Friday, March 20, 2009

US Airpower Summary, March 20, 2009: B-1B Destroys Enemy Positions

A B-1B Lancer takes off from a forward deployed location. Carrying the largest payload of both guided and unguided weapons in the Air Force inventory, the multi-mission B-1B is the backbone of America's long-range bomber force. It can rapidly deliver massive quantities of precision and non-precision weapons against any adversary, anywhere in the world, at any time. (U.S. Air Force photo by Senior Airman Clark Staehle.)

Dispatches from the Front:

SOUTHWEST ASIA, March 20, 2009 -- Coalition airpower integrated with coalition ground forces in Iraq and the International Security Assistance Force in Afghanistan during operations March 19, according to Combined Air and Space Operations Center officials here.

In Afghanistan, Air Force A-10 Thunderbolt IIs and F-15E Strike Eagles targeted anti-Afghan forces in the Asadabad region with a mix of guided-bomb units and general- purpose bombs. The strikes destroyed multiple fortified enemy-fighting positions and hit rocket-propelled grenade and machine-gun teams. The engagement was part of a lengthy battle between coalition and anti-Afghan forces continuing throughout the day.

Near Gereshk, Navy F/A-18F Super Hornets struck specific buildings within an enemy-occupied residential compound after gunmen inside began firing at a coalition unit. The aircraft used precision GBU-38 targeting to prevent damaging structures surrounding the anti-Afghan fighting positions.

An Air Force B-1B Lancer along with coalition aircraft targeted a cluster of enemy-fighting positions, bunkers, and buildings in the Kajaki Dam area. Employing guided munitions, the aircraft destroyed or routed a major portion of the enemy force that had attempted to hold ground against a coalition ground assault.

In the vicinity of Nurestan, an F-15E dropped GBU-38s to destroy an anti-Afghan fighting position which had apparently been set up using a communications tower as a shield. The pilot used engagement tactics to target the bomb far enough away from the fighting position to prevent damage to the tower while still retaining enough effectiveness to knock out the fighting position.

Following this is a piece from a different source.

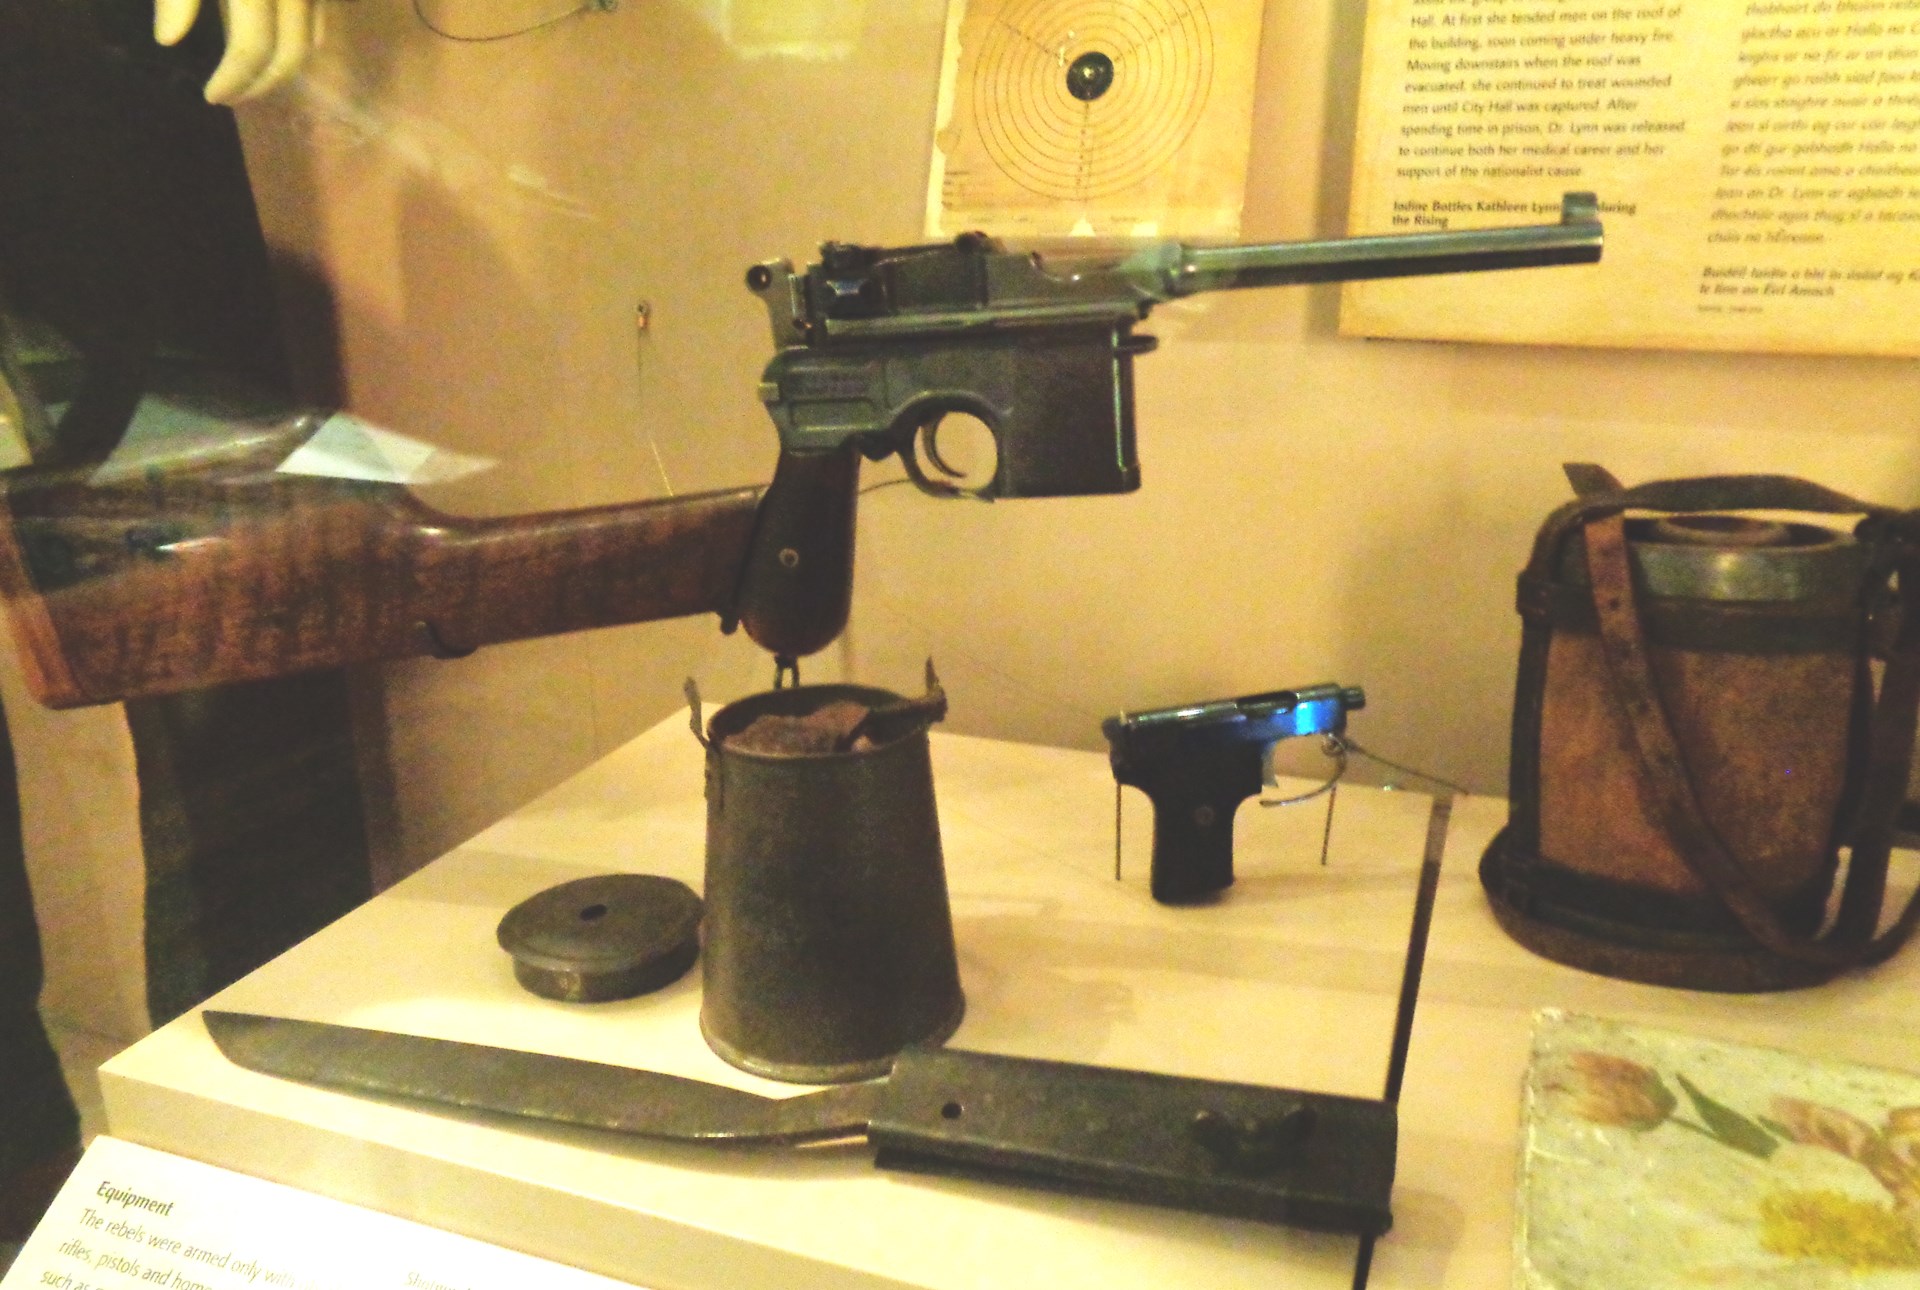 Markievicz pistol on display

An Air Force F-15E flew a show of force while providing overwatch to a coalition convoy to discourage an enemy attack as the vehicles passed through Ghazni. The aircraft remained overhead until the convoy safely reached its destination.

Navy Super Hornets performed shows of force over Balocan and Now Zad during coalition operations in those areas. The maneuvers succeeded in deterring enemy forces from taking action while coalition ground troops achieved their objectives.

Joint terminal attack controllers assigned to coalition units verified the success of these missions.

In total, 78 close-air-support missions were flown in support of the ISAF and Afghan security forces, reconstruction activities and route patrols.

Thirteen Air Force intelligence, surveillance and reconnaissance aircraft flew missions as part of operations in Afghanistan. In addition, four Navy and coalition aircraft performed tactical reconnaissance.

In Iraq, coalition aircraft flew 32 close-air-support missions for Operation Iraqi Freedom. These missions integrated and synchronized with coalition ground forces, protected key infrastructure, provided overwatch for reconstruction activities, and helped to deter and disrupt hostile activities.

Twenty-three Air Force and Navy ISR aircraft flew missions as part of operations in Iraq. In addition, four Air Force and coalition aircraft performed tactical reconnaissance.
Air Force C-130 Hercules aircraft and C-17 Globemaster IIIs provided intra-theater heavy airlift, helping to sustain operations throughout Afghanistan, Iraq, and the Horn of Africa.

Approximately 150 airlift sorties were flown; more than 550 tons of cargo was delivered; and about 2,750 passengers were transported.

Coalition C-130 crews flew as part of operations in Afghanistan or Iraq.

On March 18, Air Force tankers flew 50 sorties and off-loaded approximately 3.2 million pounds of fuel to 277 receiving aircraft.